Starwood Hotels & Resorts, owner of the Sheraton, Westin, and W hotel chains, declined an invitation to participate in the Hyatt-Marriott marketplace, a spokeswoman says, because "we want to go in a different direction."
In other E-marketplace launches, five construction companies, a venture capital firm, and Oracle rolled out a joint venture called HomebuildersXchange. It's for builders, contractors, distributors, wholesalers, and manufacturers in the $200 billion U.S. homebuilding industry to buy materials and labor.
Oracle is an equity partner in the venture and will provide "technology, infrastructure, development, and consulting resources to help these companies transform their businesses," says Lou Unkeless, Oracle's senior director for worldwide marketing. That's something the company has done only about a dozen times, for "extremely large, global endeavors" like the AutoXchange, an auto-industry marketplace. The other members are Centex, D.R. Horton, Kaufman and Broad Home, Lennar, Pultep, and venture-capital firm Encore Venture Partners.
Service provider Keane Inc. last week disclosed a partnership with BlueBolt Networks Inc., a technology provider to the commercial interior-design world. The companies have created a prototype business-to-business E-marketplace for interior designers, architects, facility planners, and manufacturers in the flooring, textile, fabrics, laminates, and wall-coverings markets.
Keane and BlueBolt are building the site using a search engine that lets users view, sort, and select from a range of materials online, create electronic storyboards, request samples of materials, and connect with other members of the design community.
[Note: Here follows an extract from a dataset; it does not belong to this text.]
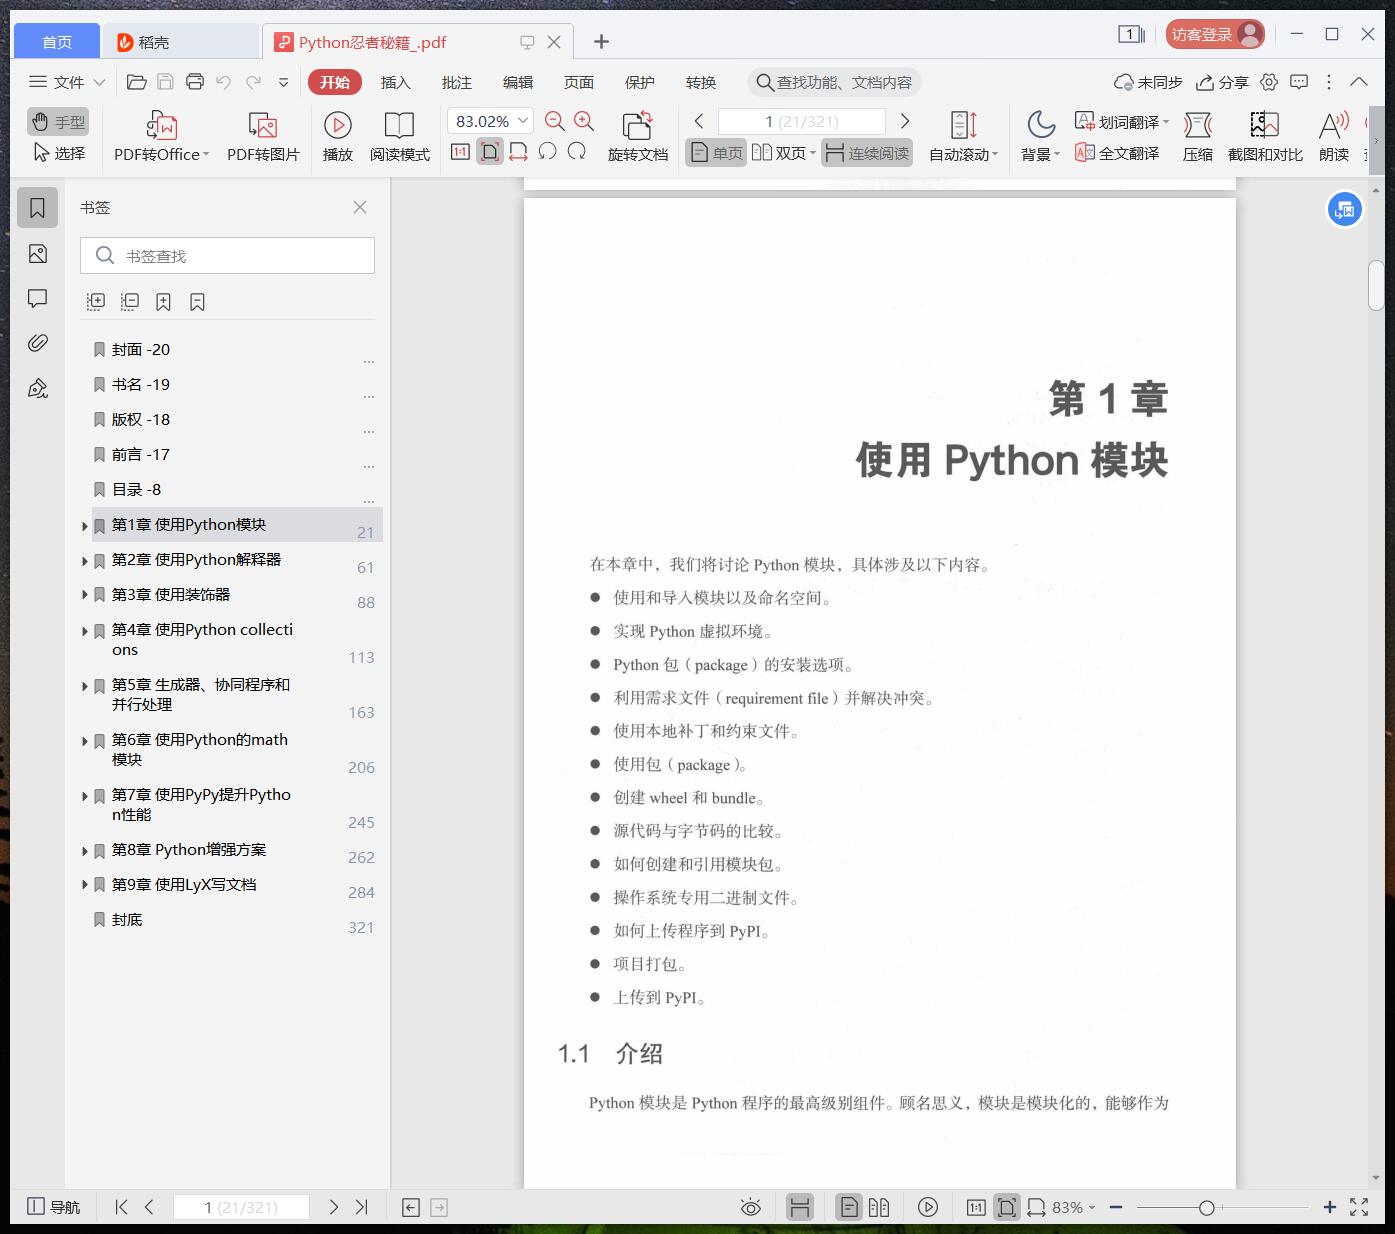 Python教程忍者秘籍pdf电子书籍下载百度网盘

Keane is using Enterprise Java Beans for the user interface and Oracle's Visual Information Retrieval software to create, manage, and distribute media through the site. The site is expected to launch by the beginning of next year.
A June launch of Personic Inc.'s Personic Exchange will leverage its heritage as a developer of software and services that let professional recruiters and personnel managers use the Internet for hiring. Businesses, job-placement agencies, and job candidates will be able to use the marketplace to connect employers with potential employees.
Personic offers XML-based human-resources software suites that are designed to facilitate, for example, the exchange of resumés and the integration of Web-based data with back-end enterprise systems.